» WORK ITEM: Transcribe only the lines in the data below falling between the line with "KATY PERRY FUE" and the line with "切ない大人のミディアムバラードの再生済みの波形", including those two lines, and leave out any picture.

» GIVEN RECORDS:

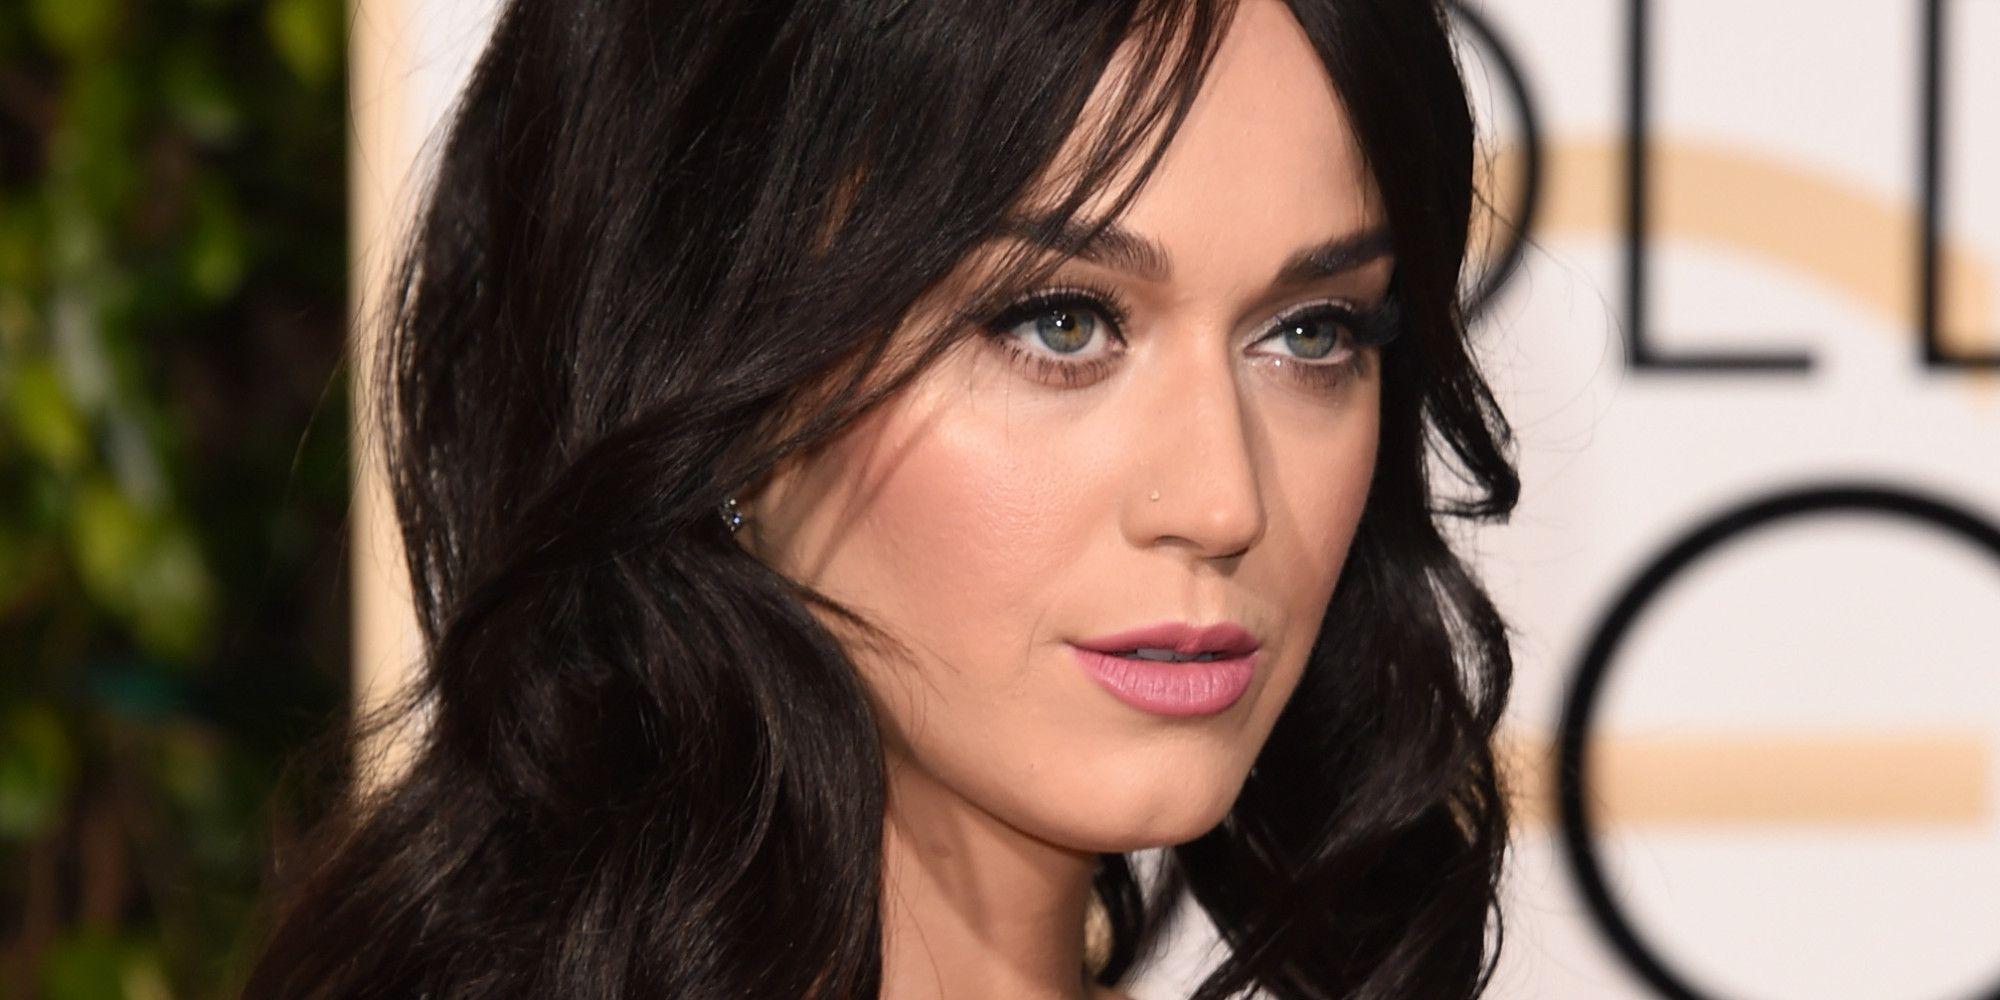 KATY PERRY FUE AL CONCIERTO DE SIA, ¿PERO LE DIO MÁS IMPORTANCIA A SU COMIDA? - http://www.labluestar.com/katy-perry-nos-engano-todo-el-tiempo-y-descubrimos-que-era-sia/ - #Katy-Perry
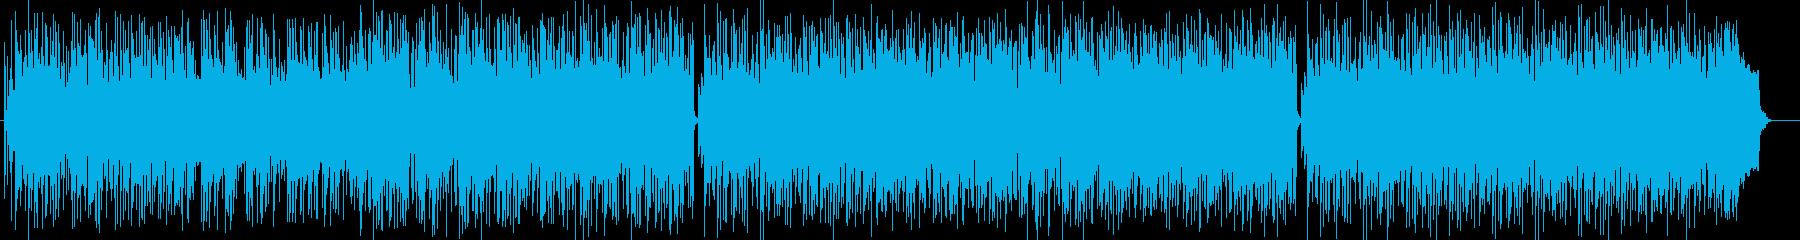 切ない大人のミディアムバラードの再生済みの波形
==
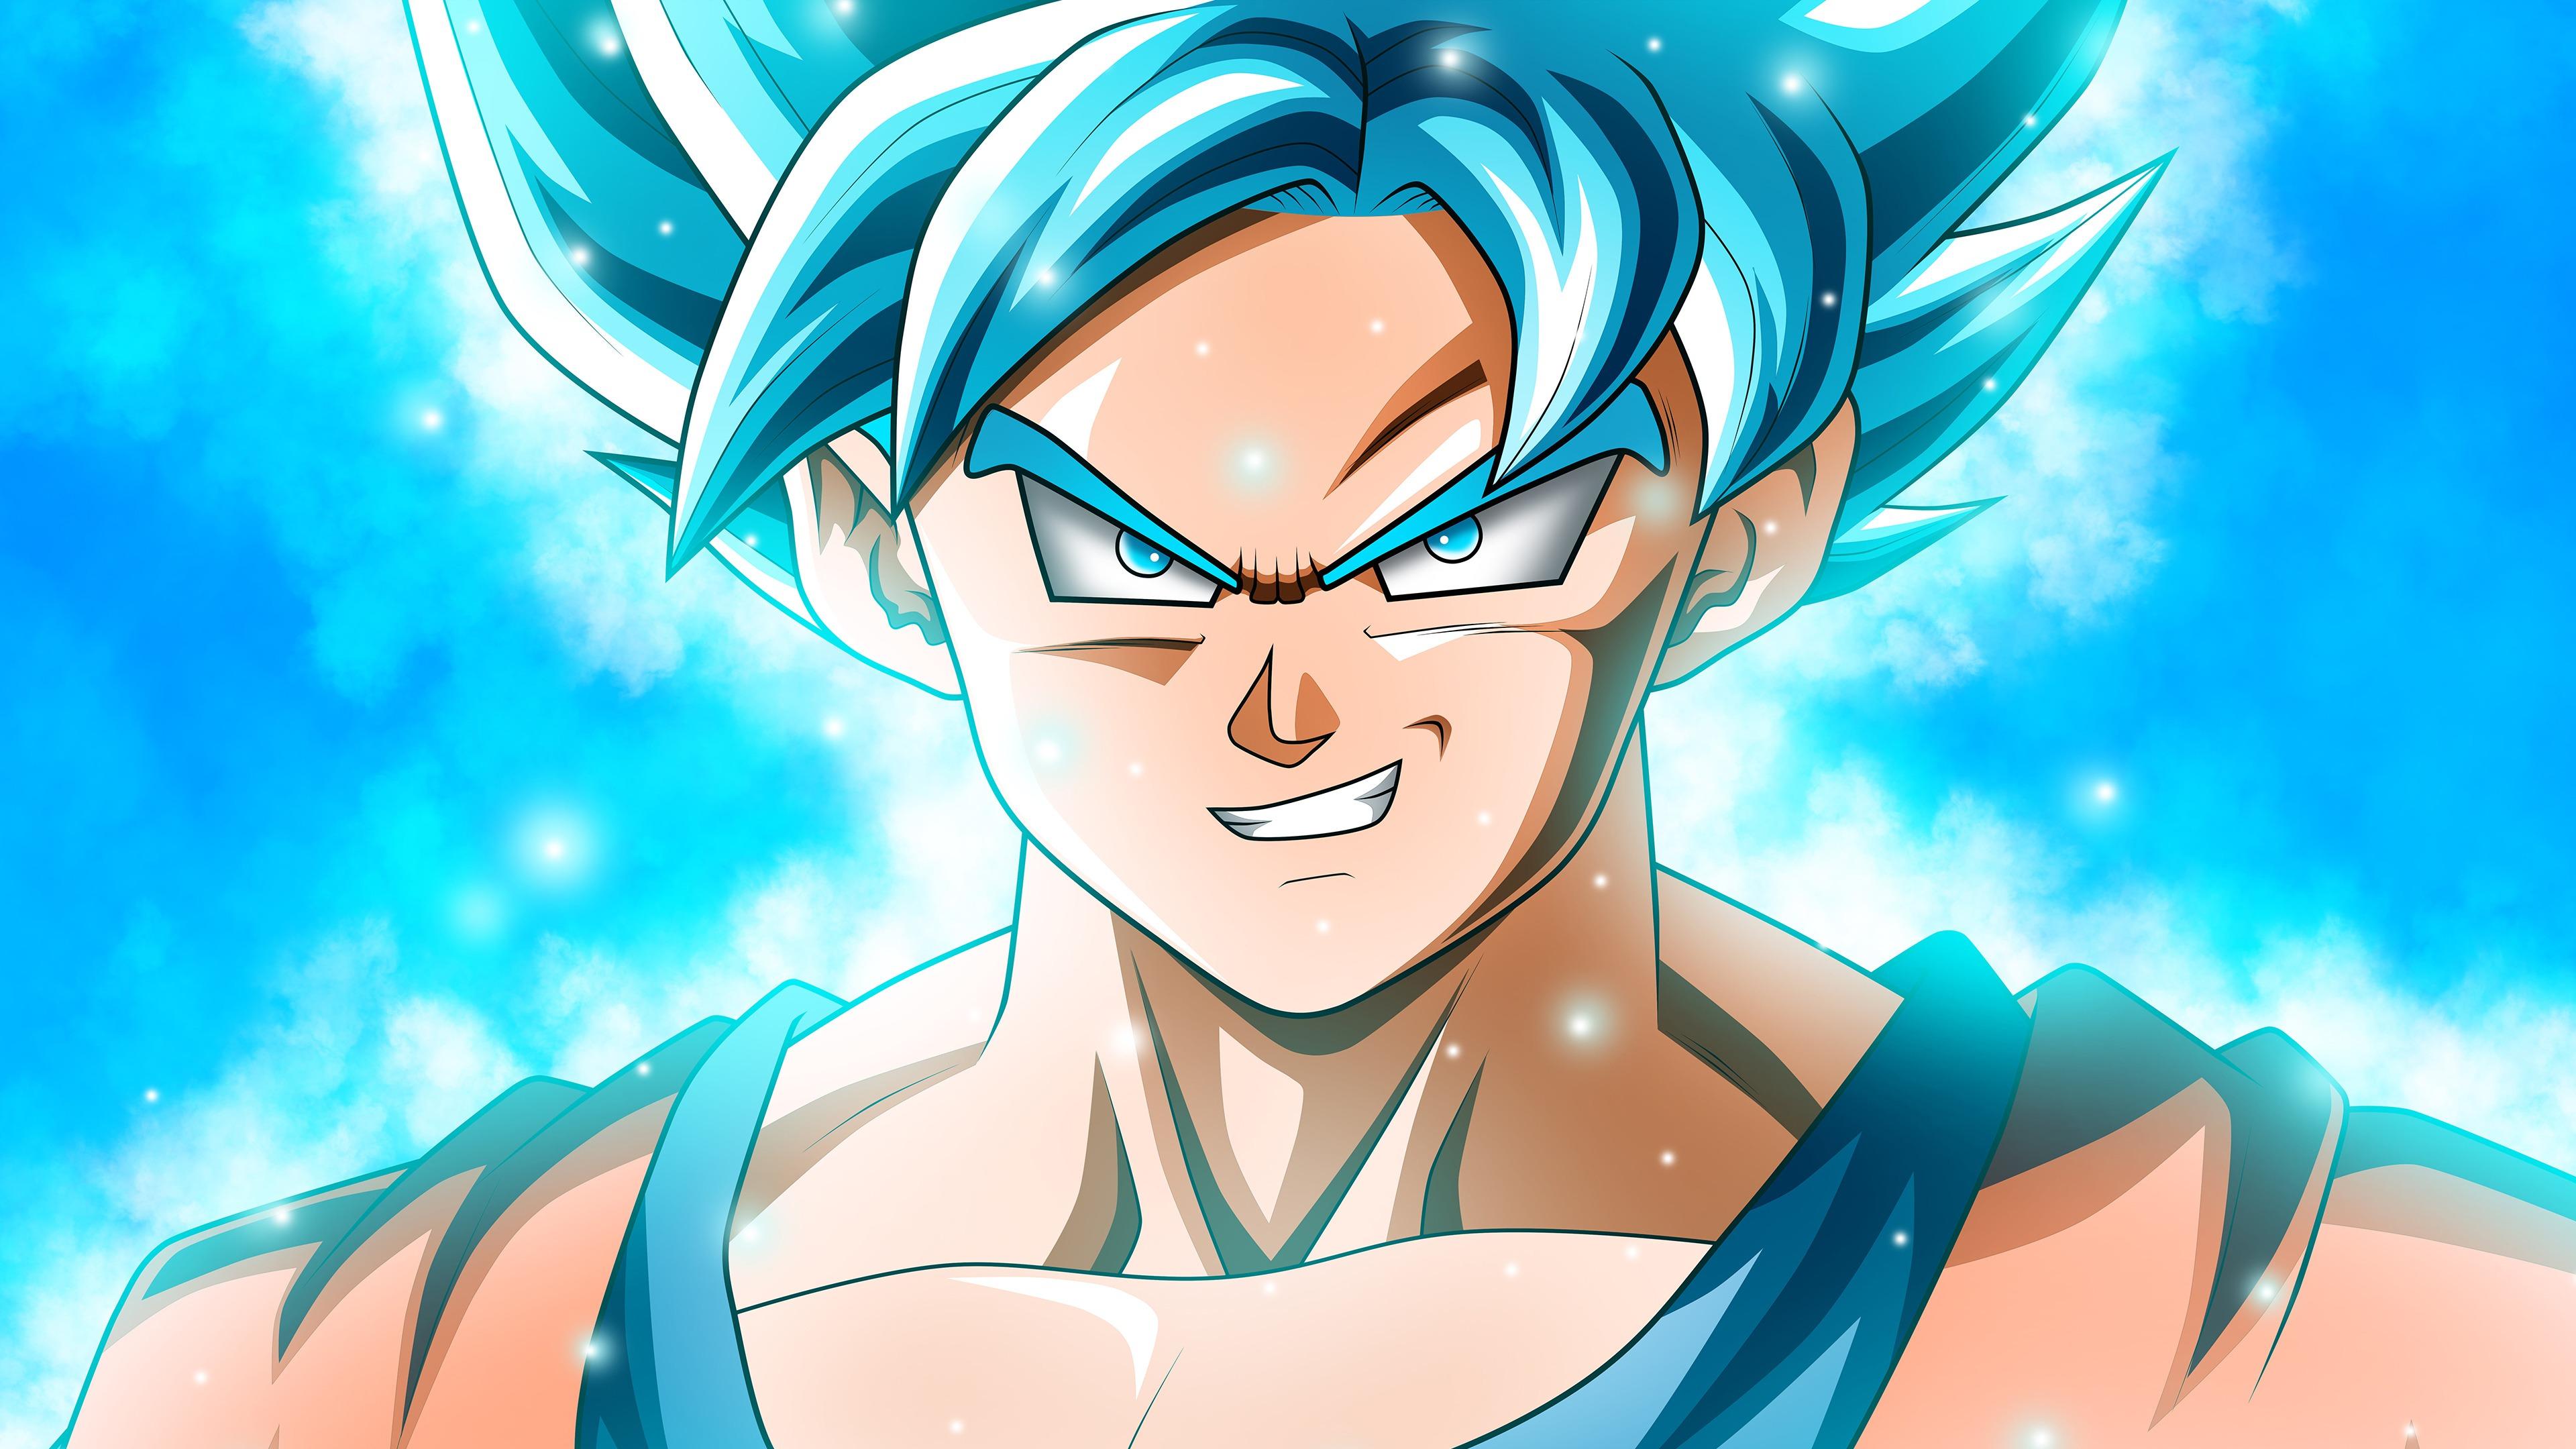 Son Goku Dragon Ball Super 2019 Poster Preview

» RESULT OF THE TASK:
 KATY PERRY FUE AL CONCIERTO DE SIA, ¿PERO LE DIO MÁS IMPORTANCIA A SU COMIDA? - http://www.labluestar.com/katy-perry-nos-engano-todo-el-tiempo-y-descubrimos-que-era-sia/ - #Katy-Perry
 切ない大人のミディアムバラードの再生済みの波形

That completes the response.